Марина отцепила руки и почему-то стала отряхивать подол юбки.
– Вы добро не понимаете, – сказала она, раздувая ноздри. – Тетю нашли. Давай рассчитывайся.
– Забирай свои хвосты, – закуривая, предложила Нинка, пихнув ногою свою сумку. – Кто их купит!
– Давай, говорю, деньги. За тобой шестьсот рублей. Еще спасибо скажи, без процентов. Тот долг прощаю…
– Шестьсот?! – ядовито переспросила Нинка и, повернувшись к Милке, спокойно приказала: – Выдай ей.
Милка оторопела.
– Как это?!
– Давай-давай, – по-королевски заявила Рыжая. – Мы не нищие. Мы работаем. И за кобелями не носимся по Култуку.

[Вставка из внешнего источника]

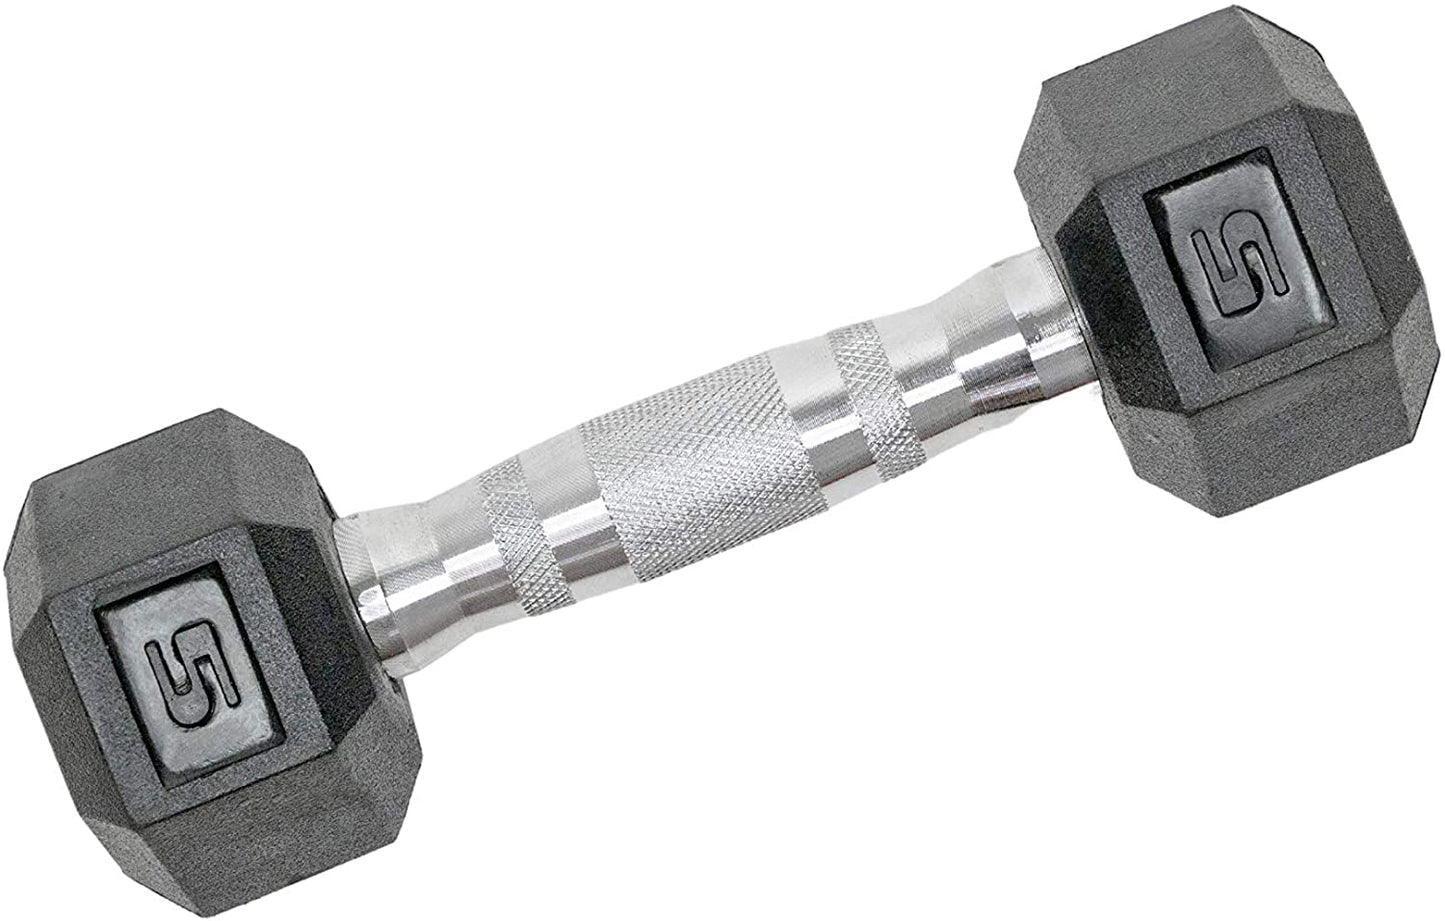 Rubber HEX Free Hand Weights Dumbbell Pairs Sizes 5, 10, 15, 20 and 25 LBS (5 LB Pair, Pair)
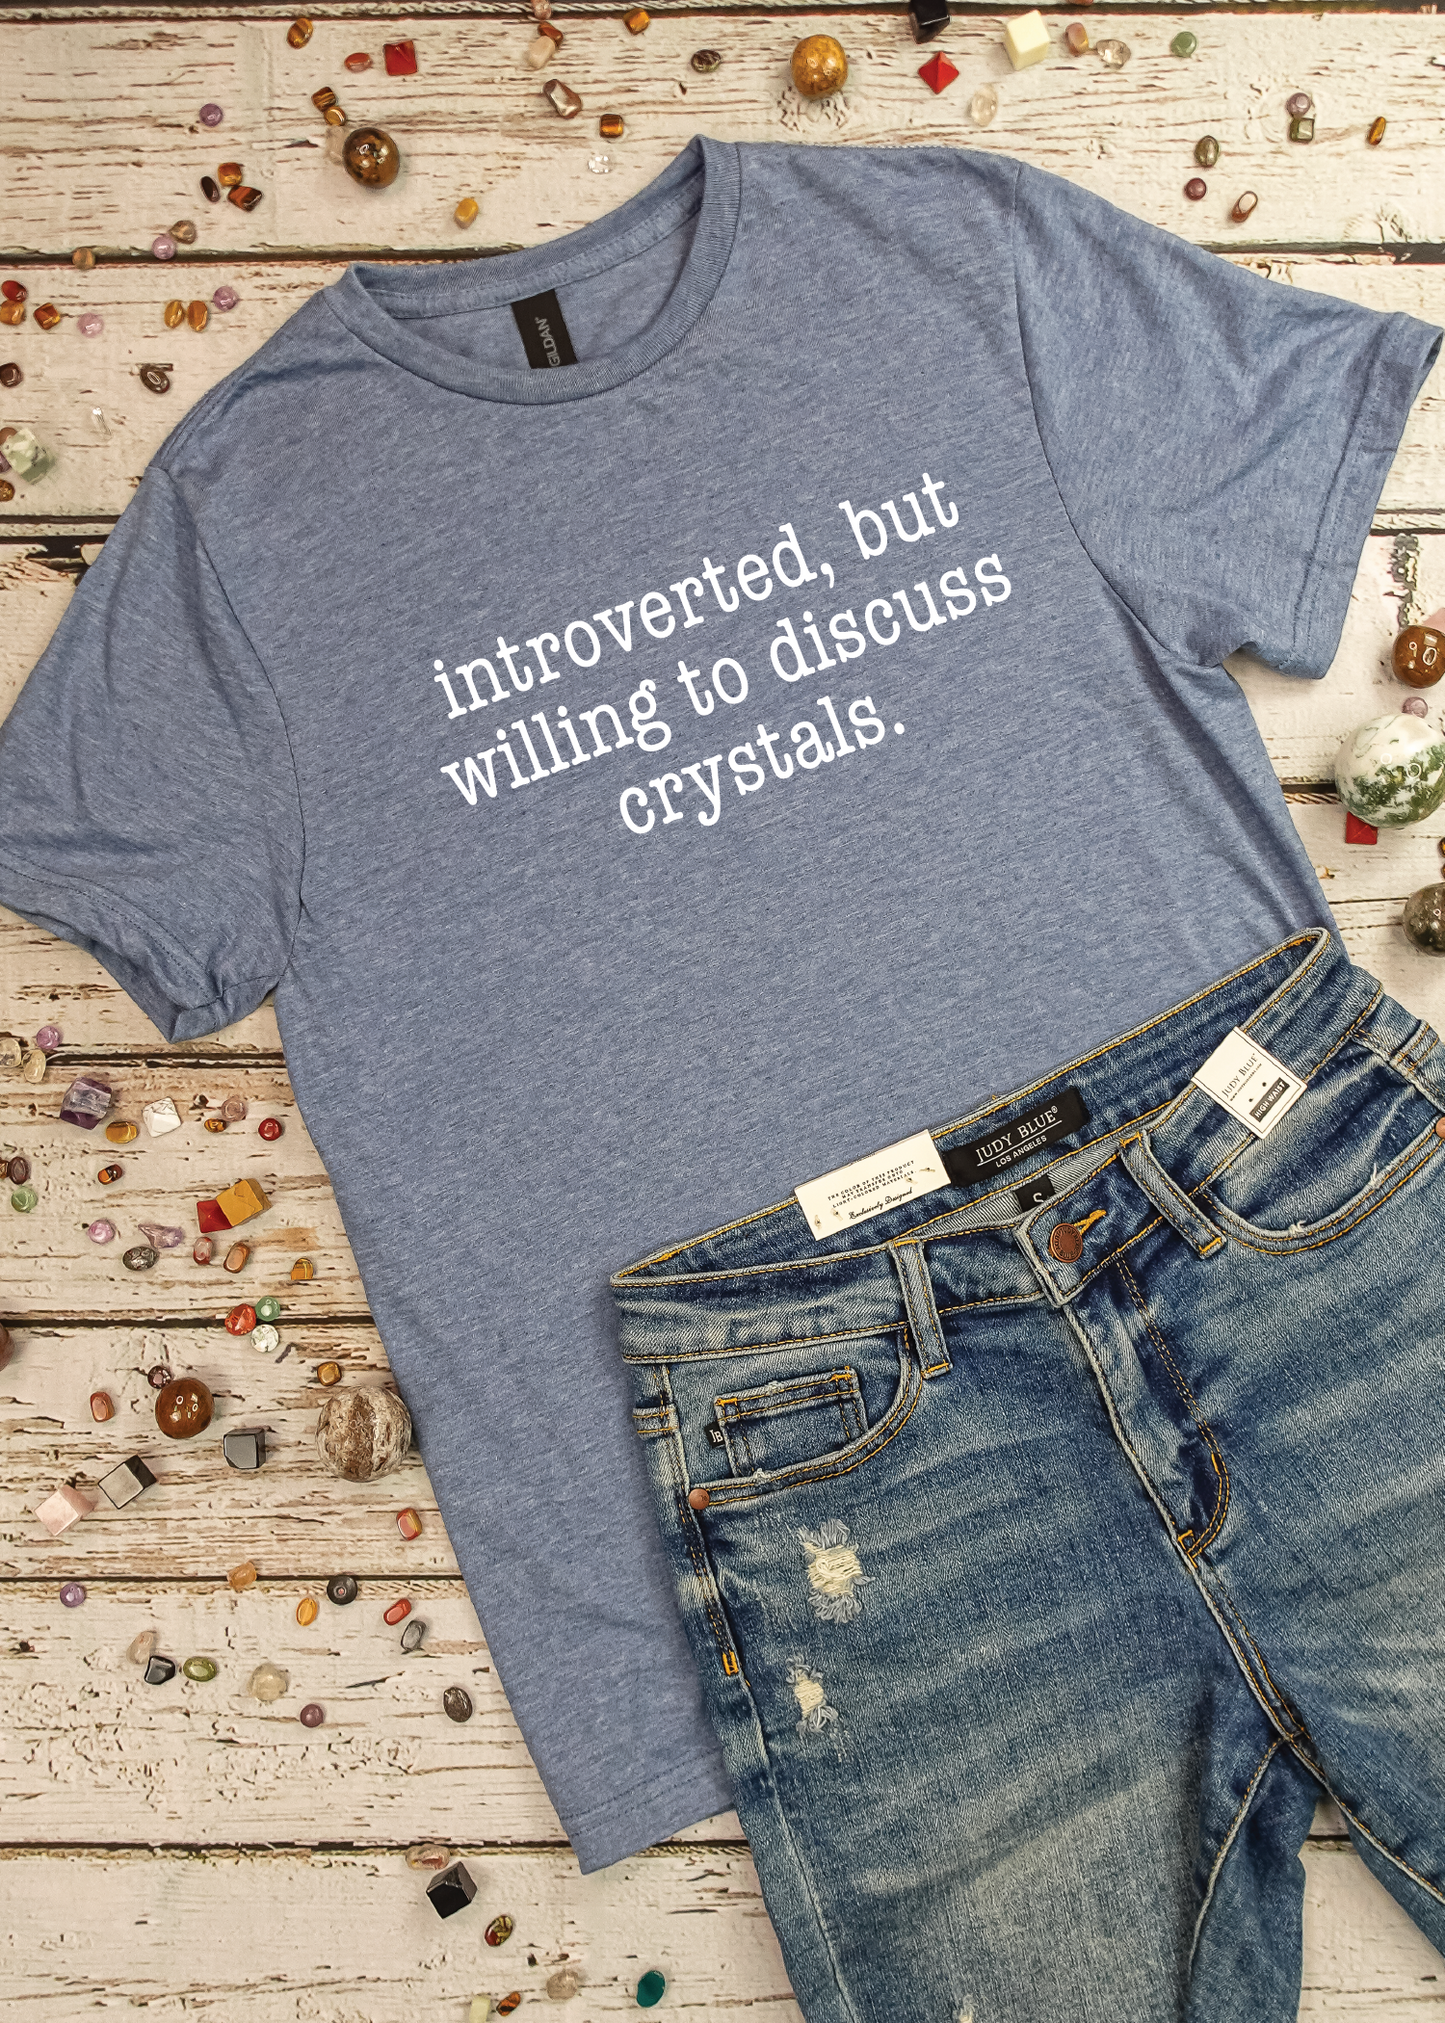 Introverted But Will Discuss Crystals - Graphic Tee

Марина позеленела. Глядя на ее костенеющее лицо, сразу ставшие безумными и без того неспокойные глаза, Милка струсила и покорно потянулась к своему поясу…
– Иди, иди, ведьма старая! – крикнула еще вослед хозяйке Рыжая. Пьяная она была очень смелой.
Марина обернулась.
– Ты у меня еще поползаешь, – пообещала она. – Уж ты-то приползешь. – Она глянула на Аленку, и Милка, обернувшись на девушку, заметила ледяной и спокойный взгляд, стрелою летящий к сопернице. Марина, поймав его, вдруг покраснела, как девочка, круто обернулась и пошла легко, упруго всем своим крупным, хищным, хорошо ухоженным телом.
«Ничего себе, тихоня», – подумала Милка об Аленке и заорала на подругу:
– Че ты чужими деньгами распоряжаешься?!
– А не жалей, подруга, заработаем, – отмахнулась Рыжая грязной ладошкой. – Дай-ка мне лучше на шкалик.
– Счас вот, разбежалась! Ты совсем обнаглела!
– А! – по-царски махнула рукою. – Деньги – грязь…
– Что-то ты своей грязью не разбрасываешься, – прорезалась Люська.
– Мое-твое, – Рыжая глубоко втягивала тонкие щеки, затягиваясь дымом, выпускала его нарочито медленно, рисуясь. – Все наше, правда, баб Клань? И потом… – Рыжая выпустила наконец колечко изо рта. – Я всегда стерильно чистая. Как из баньки…
– Видали мы таких чистюль, – зло сказала Люська.
– На чужом горбу, – добавила белая тюлениха. – Счас таких, милая, пол-России.
– Да поболе, кого пол… Поболе, – довершила баба Кланя.
Разговорились бабы. Летом, когда почти через двор Култук дымит коптильнями, а озверевшие от жары горожане прут на Байкал, и нет, почитай, машины, что не остановилась бы и не приобрела байкальского омуля, култучанкам не до разговоров. Успевай считать. Да кричать с горы, чтобы подносили свежий продукт. А сейчас всех делов – следи за соседками да вздыхай о близкой зиме…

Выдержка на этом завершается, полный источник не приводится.